Professor Will Scheideler collaborated with Professor Kenji Nomura of UCSD to write a review titled "Advances in Liquid Metal Printed 2D Oxide Electronics," published in Advanced Functional Materials. Their paper highlights recent advances in ultrathin liquid-metal-derived 2D semiconductors for high-performance flexible circuits, display technology, and neuromorphic computing.

Kasia Warburton

Travel Fellowship

Postdoc and lecturer Kasia Warburton was selected for a Thomas Hughes Fellowship to attend the 2024 International Congress on Theoretical and Applied Mechanics (ICTAM) in Korea in August, sponsored by the National Academies.

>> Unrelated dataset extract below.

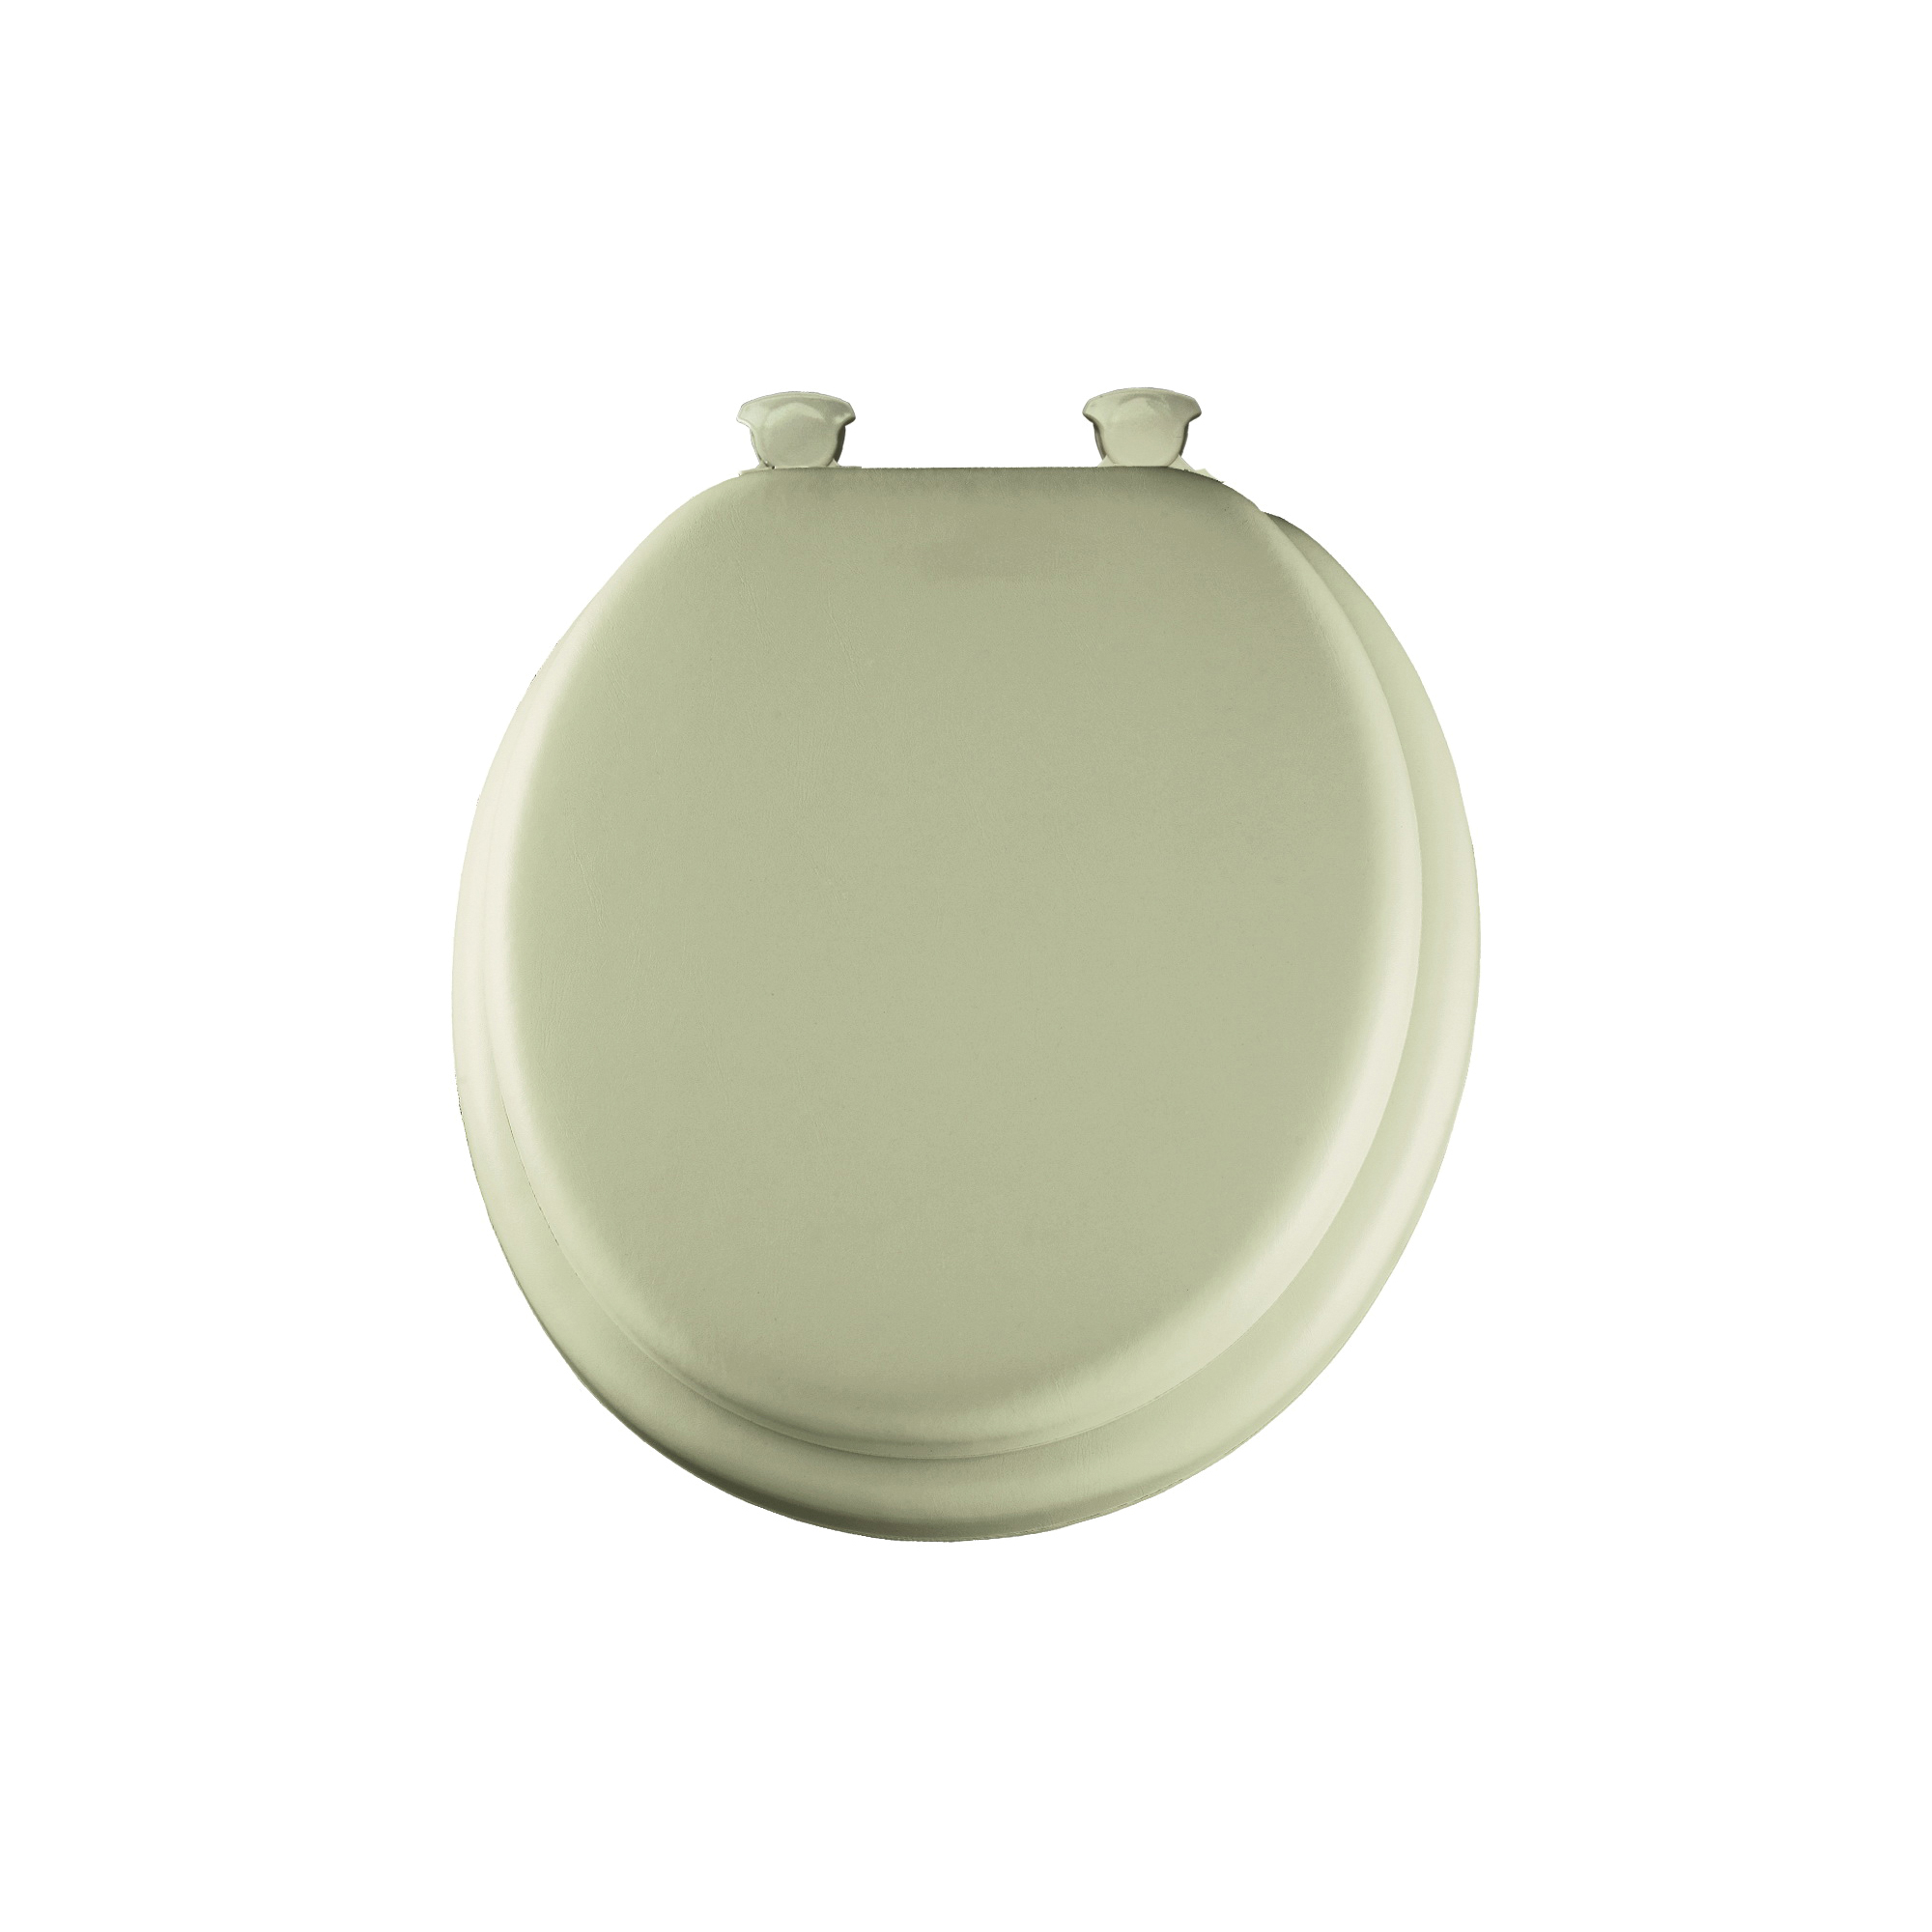 Mayfair® 13EC 006 Toilet Seat, Round Bowl, Closed Front, Plastic, Bone, Easy Clean/Change® Hinge

She will present an invited talk on fluid mechanical challenges for sustainability and climate change titled, "Evolving permeability of sub- and supra- glacial flow."

Megan Clark

Best in Physics

PhD student Megan Clark Th'21 is first author on a submission named "Best in Physics" for the National American Association of Physicists in Medicine (AAPM) Annual Meeting & Exhibition to be held in Los Angeles in July. The submission is titled "Anesthetic Concentration, Type, and Duration in Murine Model to Play an Essential Role in Tissue Oxygenation and Reproducibility of the Flash Effect." Coauthors include Arthur Pétusseau Th'23 and professors David Gladstone, Brian Pogue, Petr Brůža, and Jack Hoopes.